Critical to Huygens’s analysis is that these secondary wavelets can be mathematically constructed, allowing one to work backward from the secondary wavelets to construct a primary wave which has traveled for a certain time. This is the principle on which Huygens's entire theory of light turns, and it is what separates his theory from those of his predecessors.

=== Remainder of the book ===
Chapter two briefly treats reflection while chapters three and four explore refraction. Huygens carefully explains the differences between transparent and opaque media in terms of their particulate composition, specifically exploring atmospheric refraction.

Chapter five addresses the strange refraction of the Iceland crystal. Huygens cuts a piece of the crystal and studies the geometry of light propagation inside it before guiding the reader through a series of step-by-step empirical investigations. His explanation of strange refraction is based on the properties of the ordinary ray and the extraordinary ray. The ordinary ray has a spherical wavefront due to a constant refractive index, which is independent of the propagation direction inside the crystal, having the same velocity in all directions. The extraordinary ray, on the other hand, has an ellipsoidal wavefront due to its refractive index, which varies with the propagation direction within the crystal, leading to different velocities in different directions. Thus, when light travels through the crystal, it breaks into two wave surfaces that follow distinct paths within it, resulting in two refracted rays being observed.

The series of step-by-step investigations that follow were meant to corroborate Huygens' explanation of strange refraction. They were prompted by early objections from Rømer and constitute one of the few examples in Huygens’s work where he provided such details regarding experiments. Huygens employed these mathematical and experimental resources to achieve impressive results, some of which defied verification until the beginning of the 19th century.

Chapter six of the book concludes with a discussion on refraction and reflection in transparent bodies.

== Legacy ==

Wave refraction in the manner of Huygens

Huygens's major accomplishment in the Treatise on Light is the demonstration that one could derive all the essential features of rectilinear propagation, reflection, and simple and double refraction from the rate of propagation of light waves alone. By reducing the ray to a geometrical construct devoid of physical character, Huygens was able to treat the theory of light kinematically (and thereby mathematically), allow him to succeed where his predecessors have failed.

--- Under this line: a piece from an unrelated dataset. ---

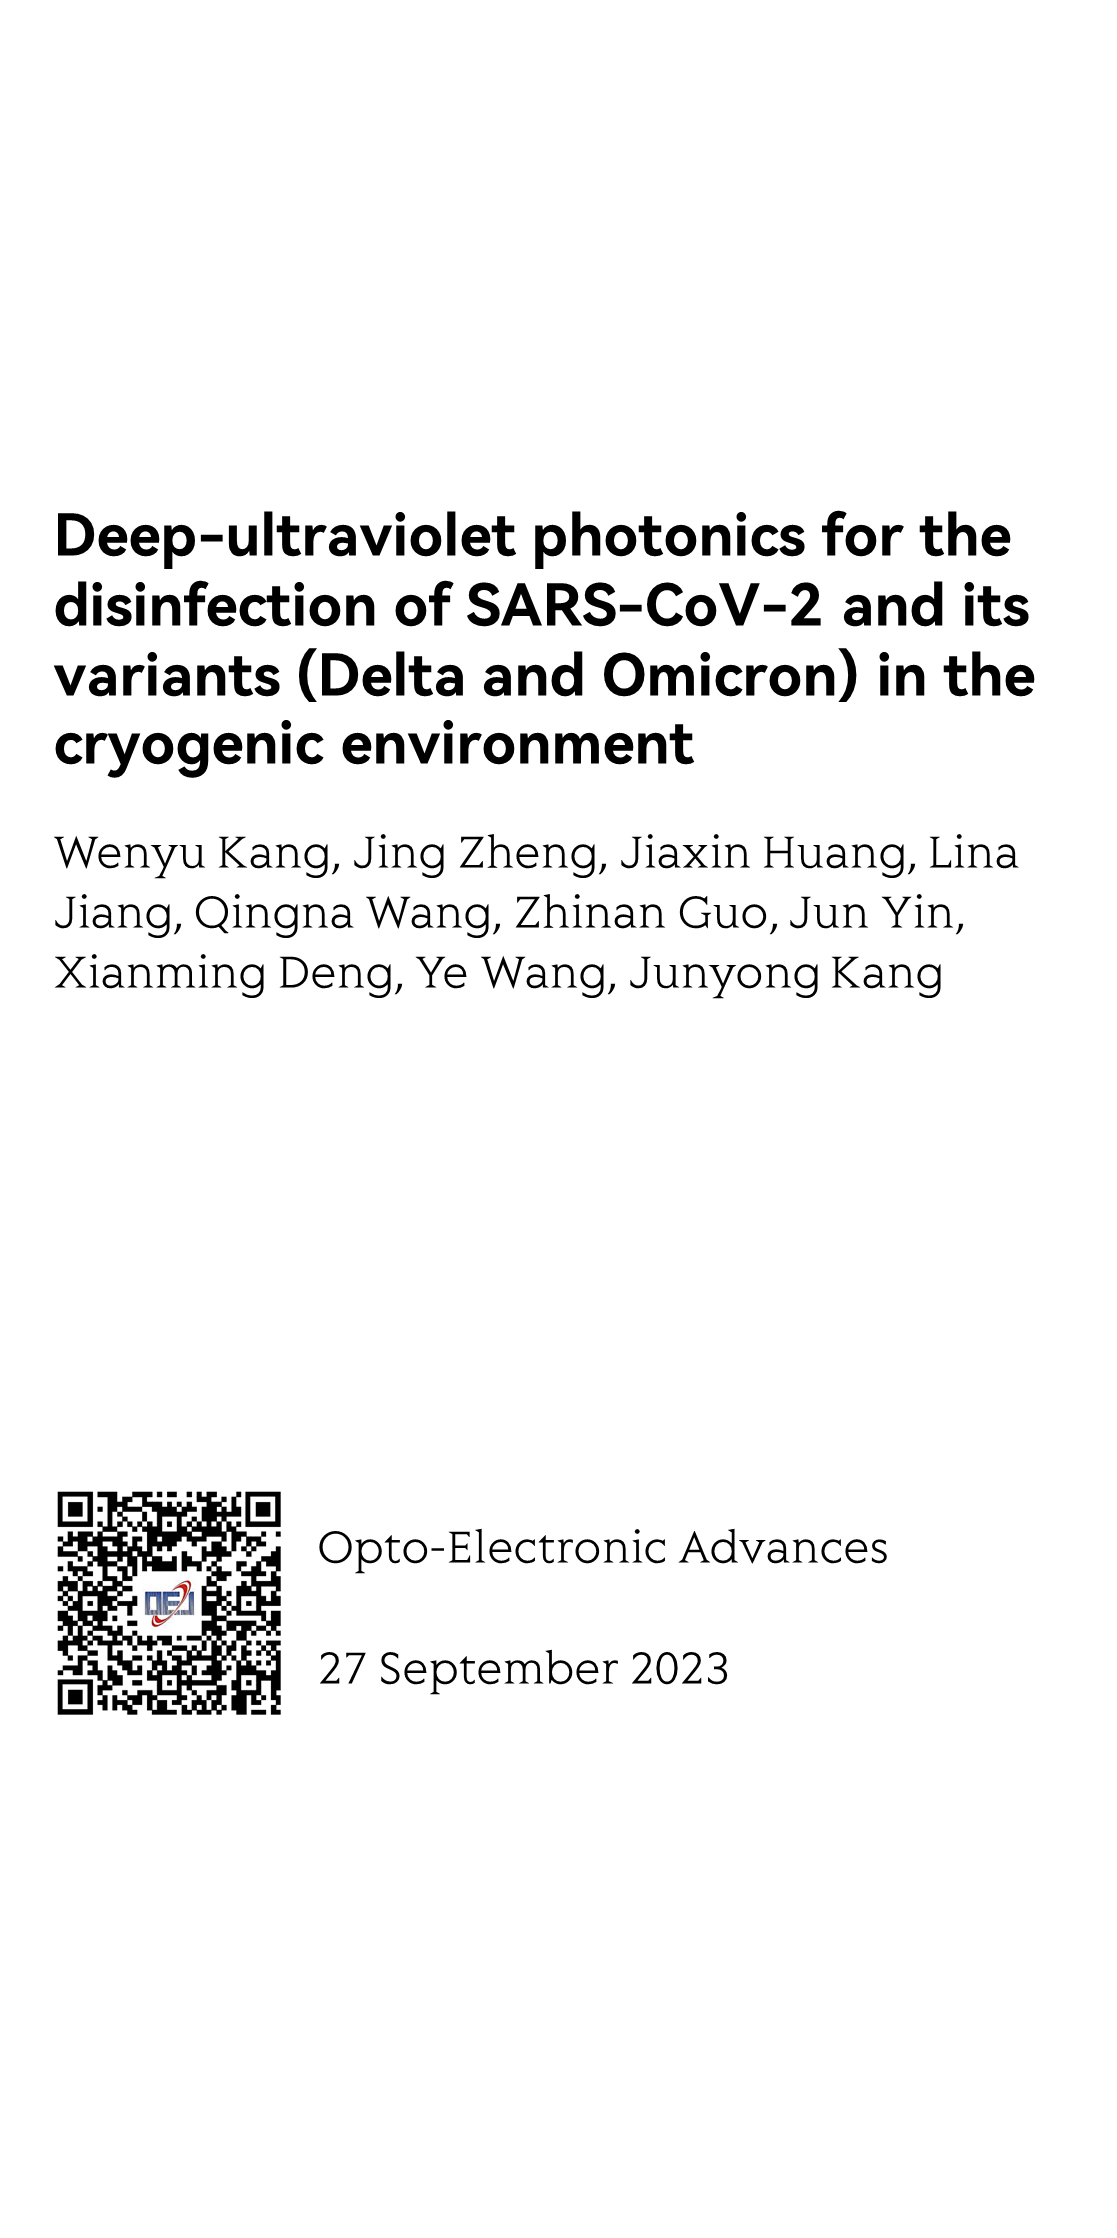 Deep-ultraviolet photonics for the disinfection of SARS-CoV-2 and its variants (Delta and Omicron) in the cryogenic environment_1

Although the completeness of Huygens's analysis is impressive, he was unable to comprehend the effect that we now recognize as polarization, which occurs if the refracted ray is directed through a second crystal of which the orientation is varied. He also did not address a number of issues, such as chromatic aberration and color, both of which were explained by Newton, although he had experienced them while building his telescopes.

Apart from Antoine Parent and René Just Haüy, Huygens's ideas in the Treatise on Light were largely forgotten in the century after its publication. Many of these ideas were developed independently by Augustin-Jean Fresnel in the early 19th century and later published in his Mémoire sur la Diffraction de la Lumière (1818). Fresnel subsequently became aware of Huygens's work and adapted Huygens's principle to give a complete explanation of the rectilinear propagation and diffraction effects of light in 1821. The principle is now known as the Huygens–Fresnel Principle.